A bank manager has been presented with a new brochure that was designed to be more effective in attracting current customers to a personal financial counseling session that would include an analysis of additional baking services that could be advantageous to both the bank and the customer. The manager's assistant, who created the new brochure, randomly selects 400 current customers, then randomly chooses 200 to receive the standard brochure that has been used in the past, with the other 200 receiving the promising new brochure that he has developed. Of those receiving the standard brochure, 35% call for more information about the counseling session, while 42% of those receiving the new brochure call for more information. Using the 0.10 level of significance, is it possible that the superior performance of the new brochure was just due to chance and that the new brochure might really be no better than the old ones?
To determine whether the superior performance of the new brochure is just due to chance or if it is actually better than the old brochure, we can conduct a hypothesis test.
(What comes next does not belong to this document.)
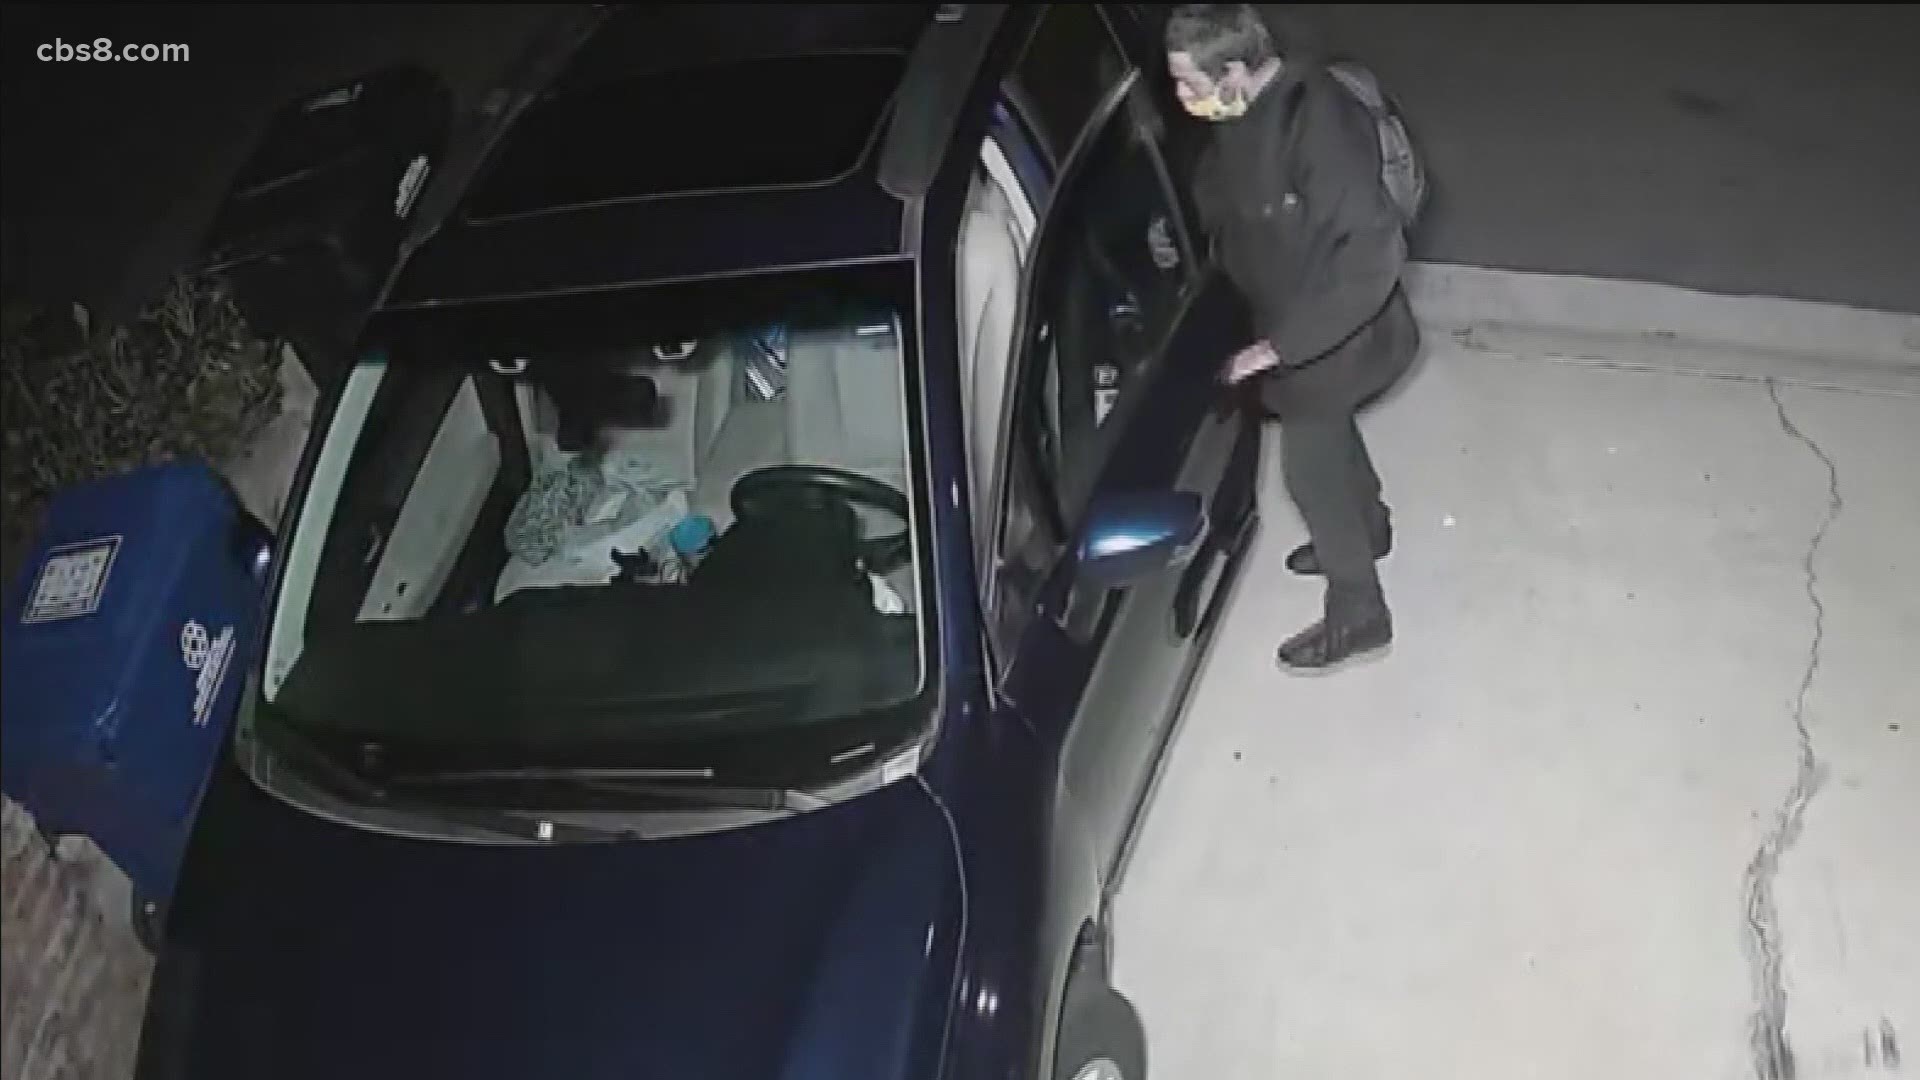 Criminals are using a device to intercept a keyless remote to break into cars in Ocean Beach. Here's how to keep your car safe.
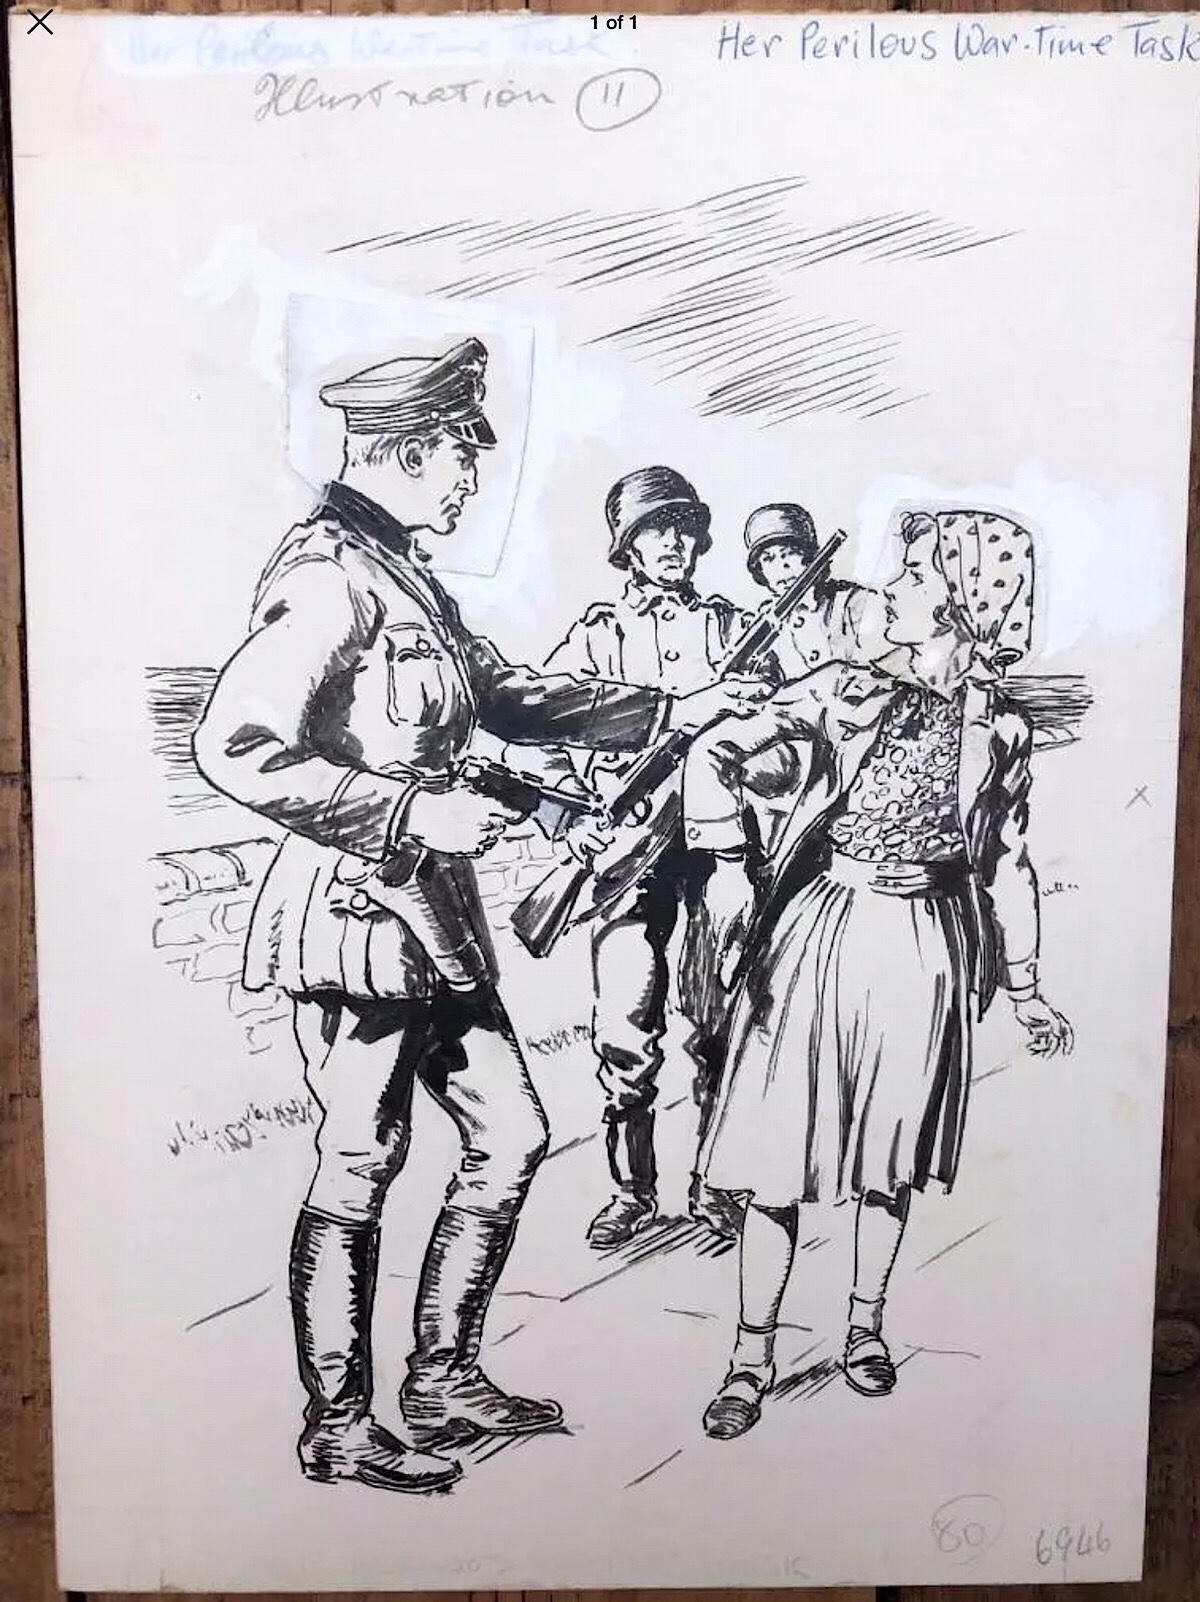 World War Two illustration attributed to Mike Hubbard

In this case, we want to compare the proportion of customers who call for more information between the two groups (standard brochure vs. new brochure).
We can set up the following hypotheses:
Null hypothesis (H0): The new brochure is no better than the old brochure. The proportion of customers who call for more information is the same for both groups.
Alternative hypothesis (Ha): The new brochure is superior to the old brochure. The proportion of customers who call for more information is higher for the new brochure group.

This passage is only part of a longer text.